If the instrument in suit is not invalid for lack of due execution, it derives no obligatory force from the statute in so far as it makes reference to material to be used in the erection of the building. Fidelity & Deposit Co. v. Parkinson, 68 Neb. 319; Huck & Co. v. Gaylord, 50 Tex. 578; McCluskey v. Cromwell, 11 N Y. 593; Kieldsen v. Wilson, 77 Mich. 45, 43 N. W. 1054.

*103So far as this subject matter is concerned, the bond can, we think, be regarded as no more than a common law obligation. The instrument named Barras, the contractor, as principal, and is conditioned “that if said principal shall well, truly and faithfully comply with all the terms, covenants and conditions of said contract on his part to be kept and performed according to its tenor, and shall pay for all labor and material used, then this obligation is' to be null and void.” It cannot be successfully disputed that Barras fulfilled this condition literally. It is disputed whether Barras’s sub-contract with Gaffey was not in violation of his contract with the state, and if it was not therefore itself void and a forfeiture of the latter. But we, cannot understand how that is a matter which concerns the plaintiffs in these actions. The state, at any rate, did not see fit to enforce a forfeiture, and Barras, by the means mentioned, became the owner of the materials used in constructing the building and paid for them in good faith and without knowledge or notice that the person from whom he acquired them had not done likewise; and this was all that the bond or his contract required of him.

The foregoing conclusion suffices to dispose of the case, but another question was strenuously litigated and ought, perhaps, to be decided. The bond was entrusted by the defendant to Barras as its agent, with instructions to affix to it his own signature and deliver it to the board and not to deliver it otherwise. He was an agent therefore for a special purpose and with limited authority. The limitation was expressed in the plainest and most unequivocal terms on the face of the instrument itself, which recites its execution by himself as principal and by the defendant as surety for him only. The obligee is conclusively presumed to have read the instrument and to have known that the delivery by Barras was in excess of his powers as agent. It does not appear that the defendant was ever made aware of that fact until the beginning of these actions. According to a long settled rule of this court the instrument, therefore, never became a contract *104by the defendant. United States Fidelity & Guaranty Co. v. Ridgley, 70 Neb. 622, and cases there cited. See also Cutler v. Roberts, 7 Neb. 4; Mullen v. Morris, 43 Neb. 596; Middleboro Nat. Bank v. Richards, 55 Neb. 682, and the same rule applies to a statutory bond. Bollman v. Pasewalk, 22 Neb. 761; Gray v. School District, 35 Neb. 438.
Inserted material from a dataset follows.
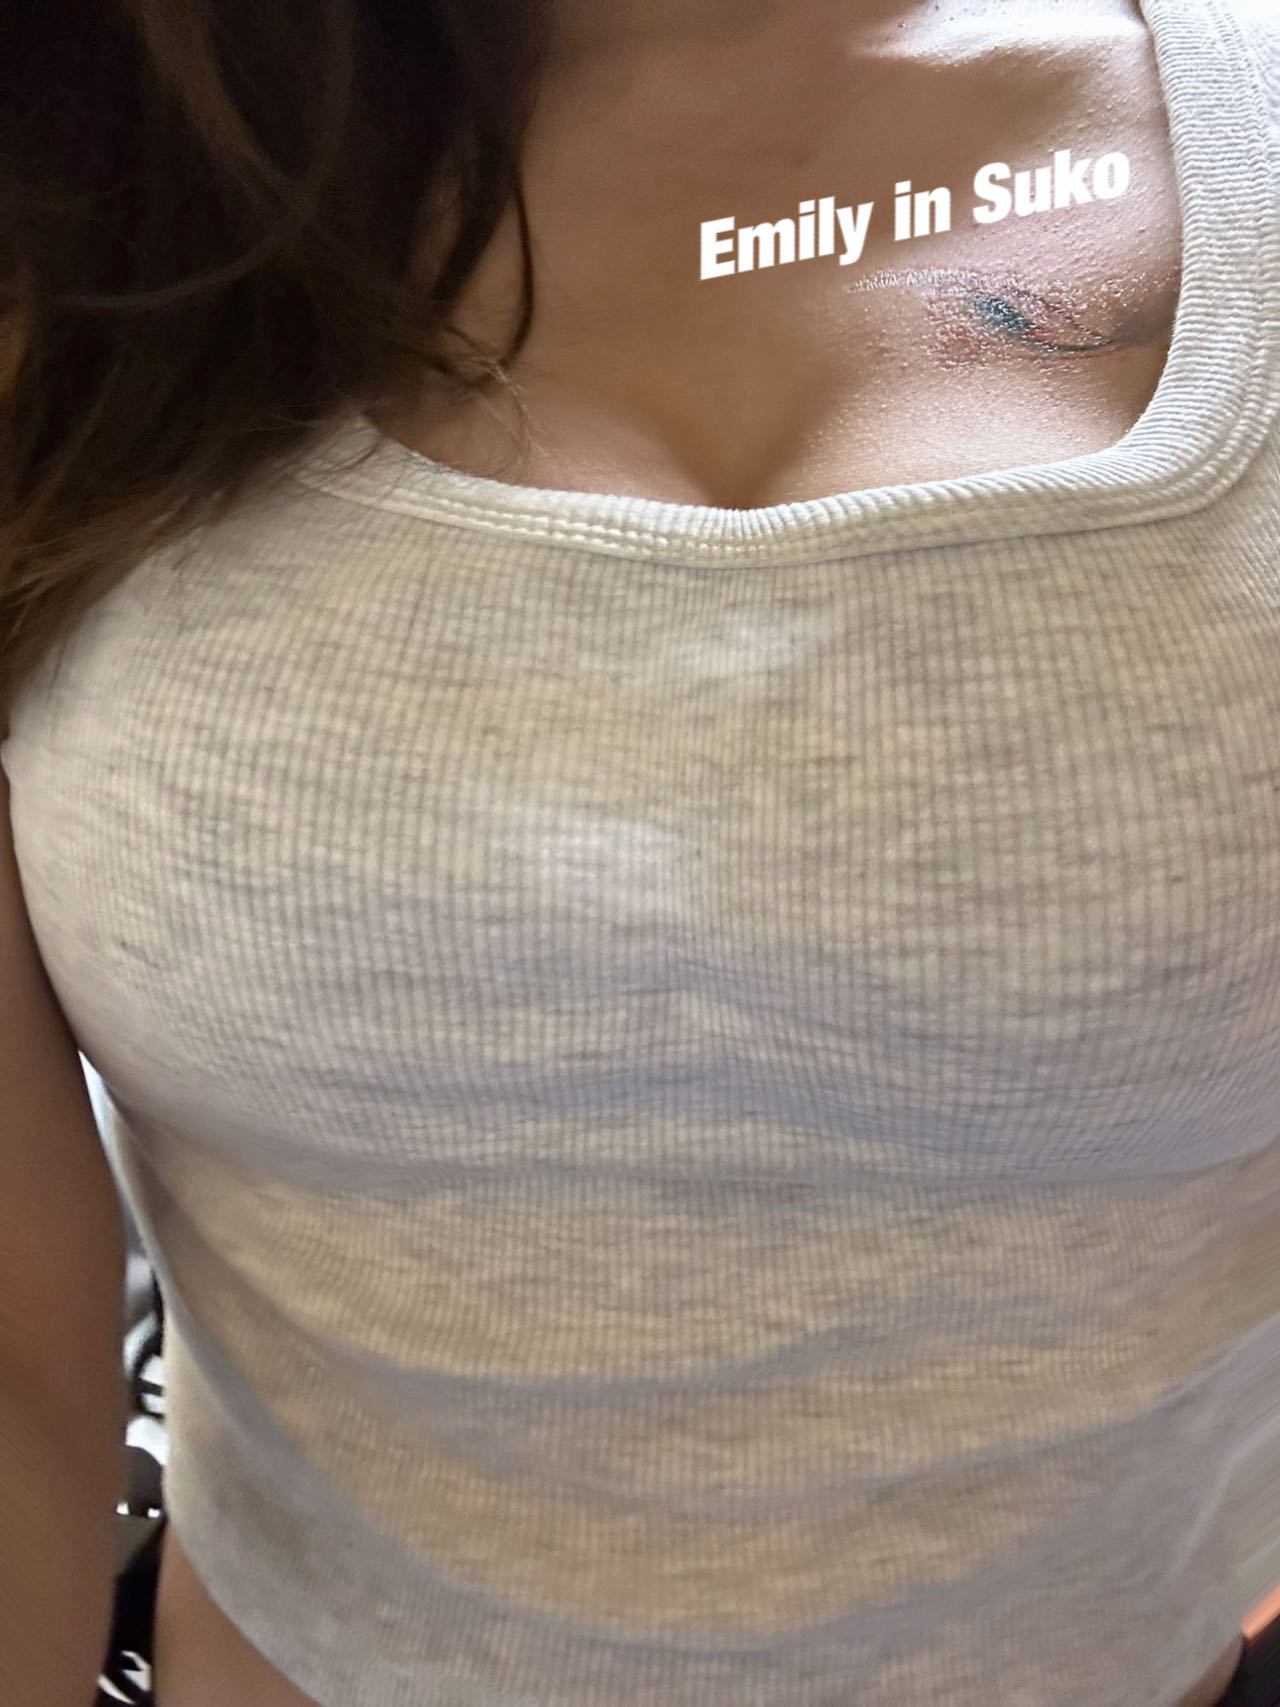 Emily.jpg

It is contended that the reason for this rule fails in the case at bar because the principal had given the surety a separate contract of indemnity, but the argument is, ve think, not good. The indemnity was for the giving of a bond upon which Barras should be bound as principal. Such a bond was never given. It is a matter of indifference whether the surety’s reasons for requiring the principal to be bound upon the instrument were good or bad, or were for his advantage or not. It had a right to prescribe such conditions as it saw fit, and to become bound, if at all, only in such manner as it chose. The condition, however, was for its advantage. Had Barras signed the instrument, the defendant would have been entitled to have him made a party to any suit upon it, and. in case of recovery in such suit, to have his property first exhausted for the satisfaction of the judgment, and in (*ase of payment by itself, to have the right of exoneration determined and the amount thereof ascertained without the expense, delay and uncertainty of a suit upon another contract. Note in 90 Am. St. Rep. (Estate of Ramsay v. People) at page 193.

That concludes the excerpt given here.